I am very lucky too… because I love to write. It helps me sort out what is running through my head, and helps me make sense of what goes on around me. I find writing helps me when I want to self harm, too. I am also lucky because I have spent a long, long  time finding out as much about my problems as I can. That way, it doesn’t seem so scary. I know what to expect, I know myself, and through that knowledge I am now, finally, mostly able to reach out for help before things slip too much. Something  I was never able to do before. Even now though, my family are so acutely tuned to me and my problems, they still often know when I am going downhill before I do. They know not to tell me though, as I wont believe a word of it!

Getting to know someone is hard enough anyway… but getting to know someone who can change in a million different ways at any given moment is really hard. Nearly impossible, in fact!

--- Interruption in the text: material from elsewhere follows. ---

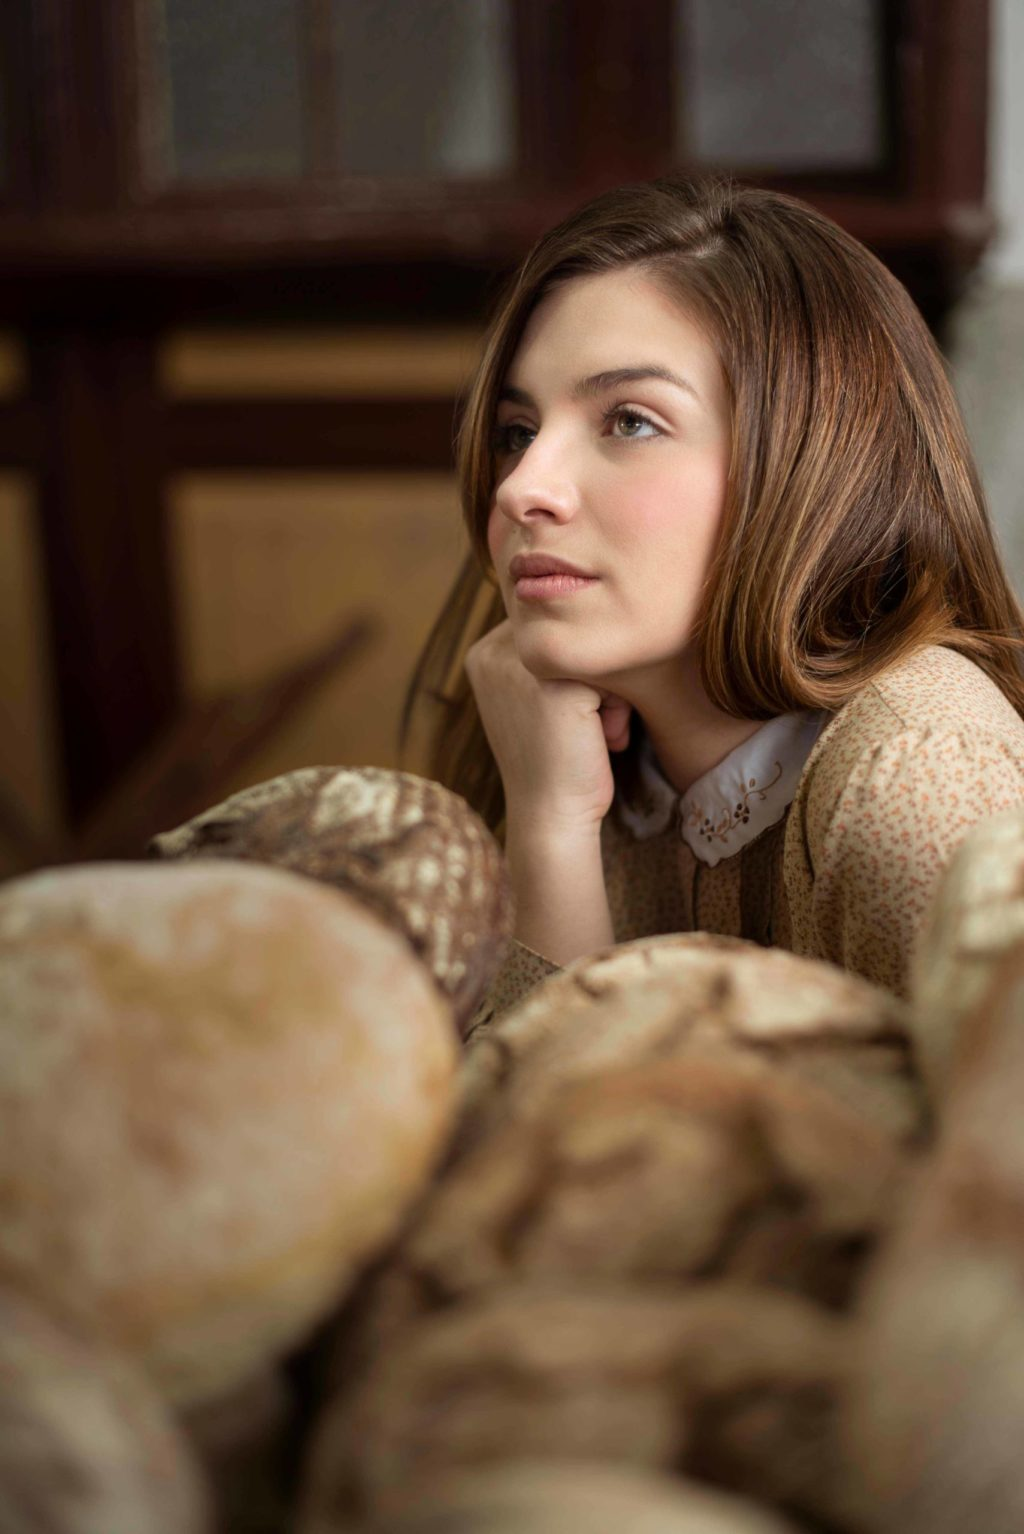 bread, joven, shooting, portrait, model
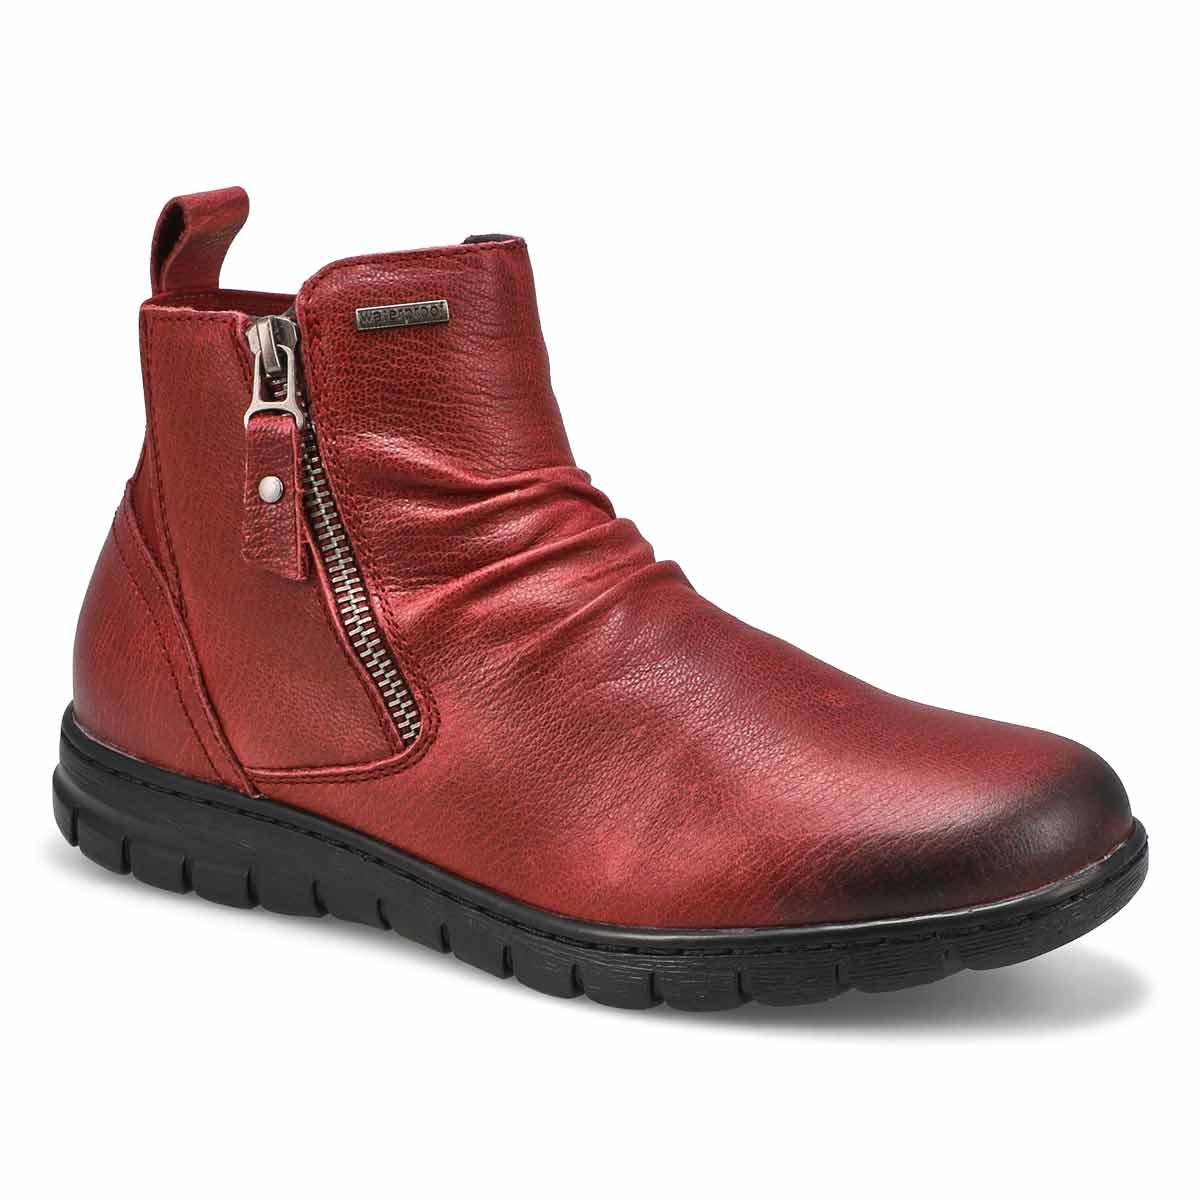 Women's Steffi 71 Waterproof Ankle Boot - Burgandy

So if you know of someone going through this struggle, be supportive to them. Understand that, as carer’s, they have the hardest job in the world. And just because the world may be ignorant about the facts, doesn’t mean you should be. My parents appreciate a ‘Thank you’ and a ‘Well done, you are doing  great’ more than most. If you happen to suffer from mental health problems never forget to say thank you.

So… to my lovely Mum, Dad, Brothers, Sister, Grandparents, Aunts, Uncles and my stunning not-so-baby-anymore-girl, THANK YOU. From the very bottom of my heart, thank you.